TransFair USA is the only certified Fair Trade labeler in the U.S. and over $70 million in additional income has been generated by the sale of over 100 million pounds to U.S. coffee consumers. StarbucksâÂ?¢ entry into the Fair Trade market accounted for 11.5 million pounds of that coffee in 2005, more than double their figures from 2004. “That additional income is over and above what farmers would have received if they had sold in the local markets, to local middlemen”, said Paul Rice, President and CEO of TransFair USA.1This shows how ethical consumers opened their hearts and wallets to coffee farmers and the Fair Trade movement went gangbusters; it’s a Free Trade world after all.

It’s not as simple as slapping a label on a bag of beans, as TransFair USA has built an international monitoring system that ensures fairness for farmers. Besides the fact that there are profits to be made, it’s no surprise that ethical practices can be marketed successfully in a world of Enron, Mad Cow and Sweatshops. That $70 million bonus to coffee farmers was due to the minimum price standards of $1.26 per pound and $1.41 per organic pound, set by TransFair USA for importers. What TransFair and other labels have actually done is bring importers, roasters, distributors, retailers and in the end consumers, closer to the actual farmers.

Huge majorities of the something like 25 million coffee workers around world live in the Global South countries of South America, Africa and South Asia. The Coffee crop simply grows better in these temperate climates and since its earliest days of trade, as far back as the 16th century, it has been an essential export. While a prosperous supply chain has developed over the centuries, pouring black goodness into the morning routine of billions, there is always someone trying to make a buck more than they deserve. While it may be more complex than can explained here, the coffee farmers living in rural areas just didn’t have the resources to access the world markets like they should have. Dependent on a system of middleman in countries where government accountability is another story, farmers got swindled. Its not entirely the middleman’s fault as he was just trying to make a buck too, but the local middle who got the farmers deals gained less than desirable reputations. Affectionately called “Coyotes” for their scavenger like nature, the middleman also had to sell through exporters and brokers before the coffee even reached importers. At this point the beans are still green, and for years this was the only green coffee farmers where seeing.
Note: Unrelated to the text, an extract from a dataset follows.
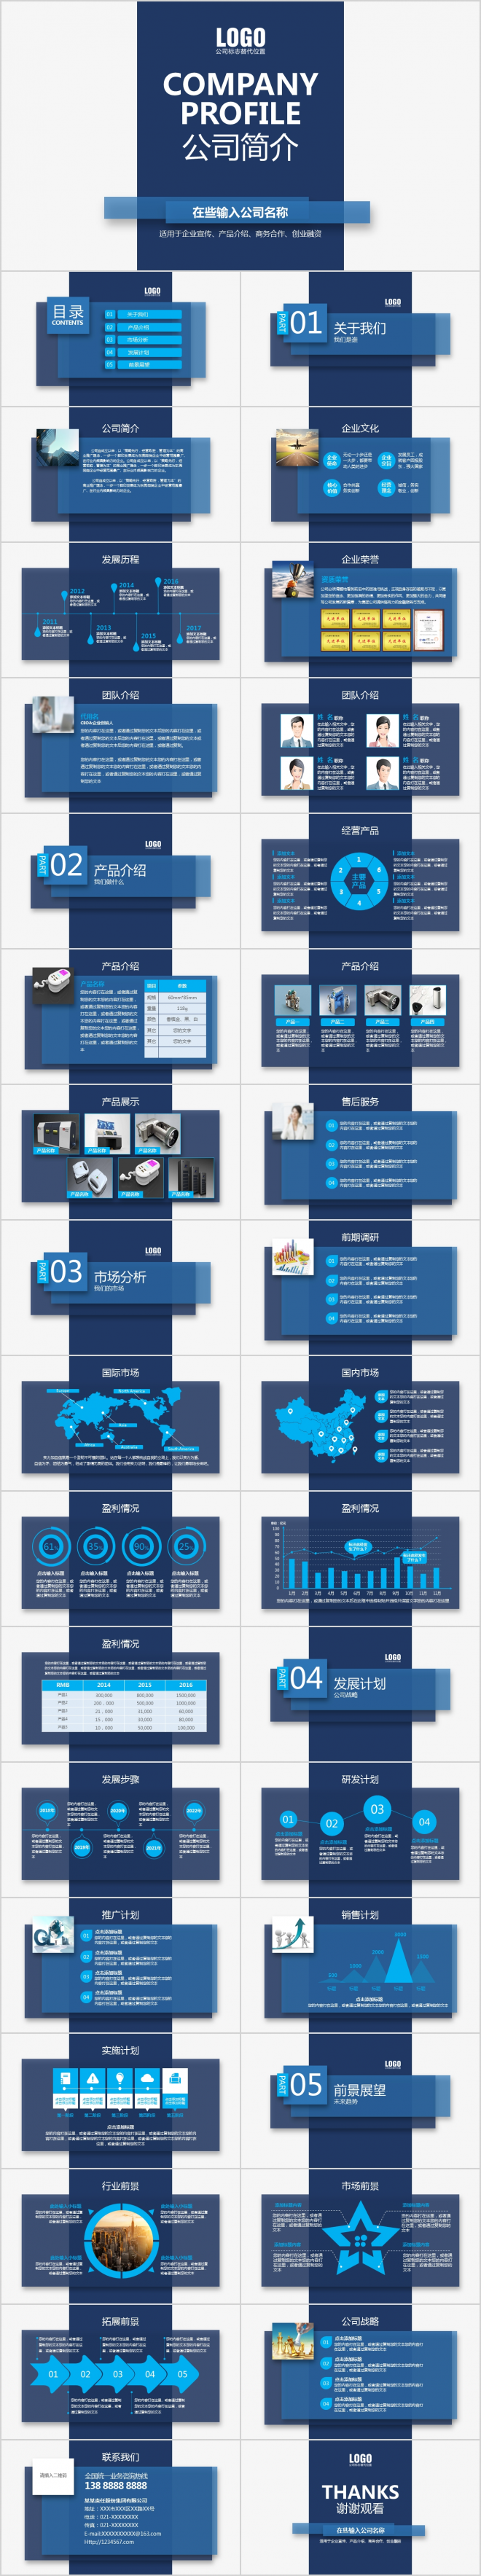 蓝色科技简约大气公司简介公司介绍产品介绍画册PPT模板

Often getting less per bean than what it actually cost to grow, farmers then got offered loans from the middlemen who were scamming them.

This only consists of the 50% of small family farmers who grow the world’s coffee, the other 50% is grown on plantations or estates where migrant workers might even have it worse. Though in all fairness conditions have improved and some estates have a long history of farming communities. The focus of Fair Trade coffee though is on the small farmers who then take the additional income and create farming co-ops that in turn build a community of their own.

So in essence to answer the reader’s question, Fair Trade Coffee certification ensures that small farmers set up co-ops that sell directly to certified importers. The older system of “Coyotes”, multinational exporters and brokers has left a nasty residue from squeezing profits out of farmers. The Fair Trade certification process actually goes back to some of the European countries 20 or 30 years, but the labeling has really reached new market awareness in the past 5 years. Just how TransFair and the Fair Labeling Organization goes into these countries and makes deals and sets up co-ops with farmers is probably a book’s worth more of investigating. One has probably already been written (Check out Paul Rice), or maybe someday I’ll take a long boat ride and follow that route from bean to cup.

Notes:

  1. Paul Rice, President of TransFair USA in Big Picture TV.